Downtown Neglect and Decline Period, 1958-1982
With growing pressure from suburban malls, the construction of the Interstate 15 freeway, and the loss of the civic center, the downtown district a period of neglect and decline. Numerous buildings were demolished or fell into disrepair, and a large portion had absentee landlords. In 1971 the J.C. Penney department store, which had been operating at various locations in the community since 1910, closed its Murray location and left the city. A year later, the city’s new “tax base,” the Fashion Place Mall opened at the southern edge of the city. By the end of the period, half of Murray historic downtown remained intact. Numerous family owned businesses closed their doors for good during this period, including Carlson’s bicycle shop. The Murray Mercantile, reportedly had turn-of-the-century inventory on hand (buggy whips and button shoes) when the store finally closed in 1976.

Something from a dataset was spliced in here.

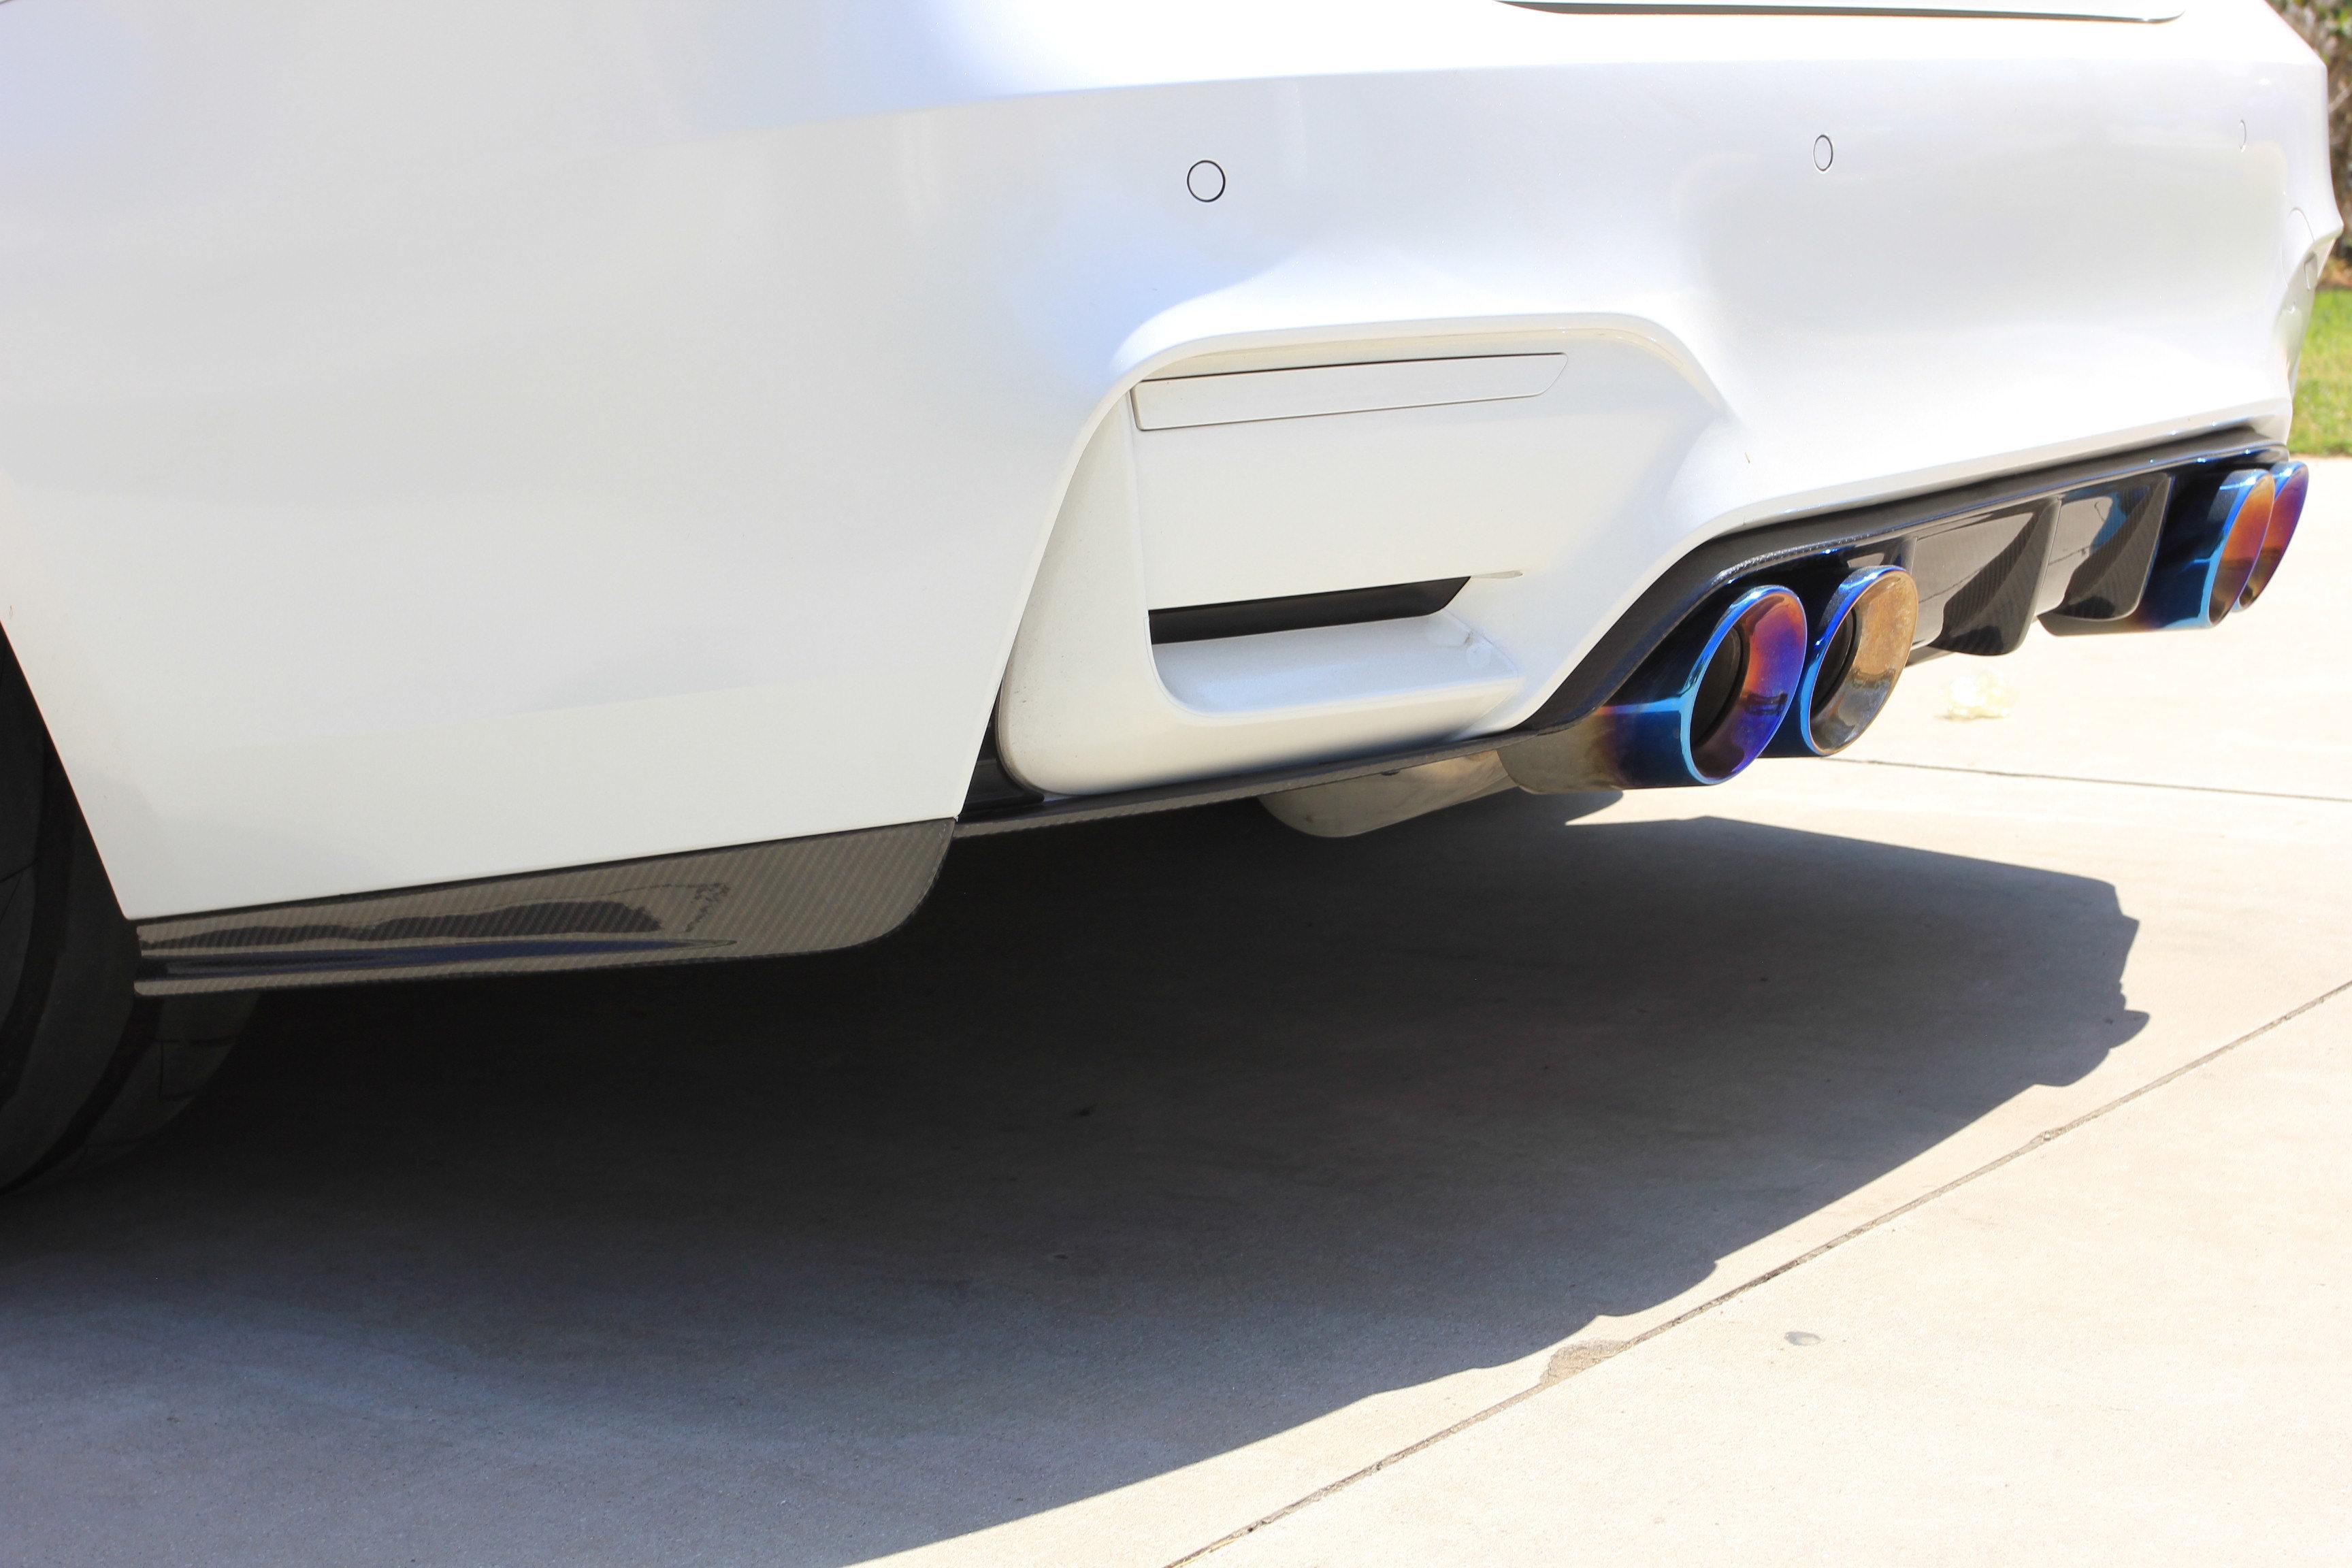 M3 / M4 Carbon Fiber JHP Rear Diffuser

Late Twentieth-Century Development Period, 1983-present
Several events of the 1980s and 1990s focused attention on Murray’s historic downtown. The .first was the 1983 renovation of the Arlington Elementary School (built in 1939 at 5025 S. State) into the Murray City Hall. The return of city hall to the downtown area was the beginning of the city’s re-investment in the historic business district. The second was a 1987 car crash and gas line explosion that destroyed a historic building at 4907 S. State and damaged several other buildings. The subsequent (and unfortunately incompatible) redevelopment projects at Vine and State in the area included a gas station/convenience store and a strip mall. As the “hub of the Salt Lake Valley,” the city’s motto for many decades, Murray City’s recent history has included a steady expansion of subdivision and retail development in other parts of the city. Recent annexations have expanded the city’s boundaries to borders of adjacent municipalities.

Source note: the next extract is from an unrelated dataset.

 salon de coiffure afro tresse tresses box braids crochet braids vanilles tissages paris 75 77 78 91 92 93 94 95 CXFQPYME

Through this expansion, Murray’s historic downtown has evolved into a retail area for specialty shops. Day Murray Music, housed in the Waverley building, continues to develop a loyal patronage. Other enduring enterprises include the Wright Costume Shop, the Murray Vision Center, Don Blair Photography, and the French Lady Boutique. The wildly successful Deseret Star Playhouse, in the rehabilitated Iris Theater, draws patrons during the evening hours. Another evening draw is the ballroom dancing, held in the former old Grand Central Market building, across the street. In the past decade, redevelopment plans for the former smelter site have started a renaissance economic development and historic reservation in the historic downtown commercial district. Redevelopment projects in the area have included street pavers on Poplar Street, sidewalk upgrades and the replica period lighting on State Street. In 2005, Murray City Council passed the Downtown Historic Overlay District ordinance and accompanying design guidelines. The two main objectives of the design guidelines are to help protect the historic district from incompatible spillover development from the IHC Hospital currently under construction on the former smelter site to the southwest, and to guide rehabilitation projects, which may preserve the extant contributing buildings, and possibly reverse incompatible changes to non-contributing buildings.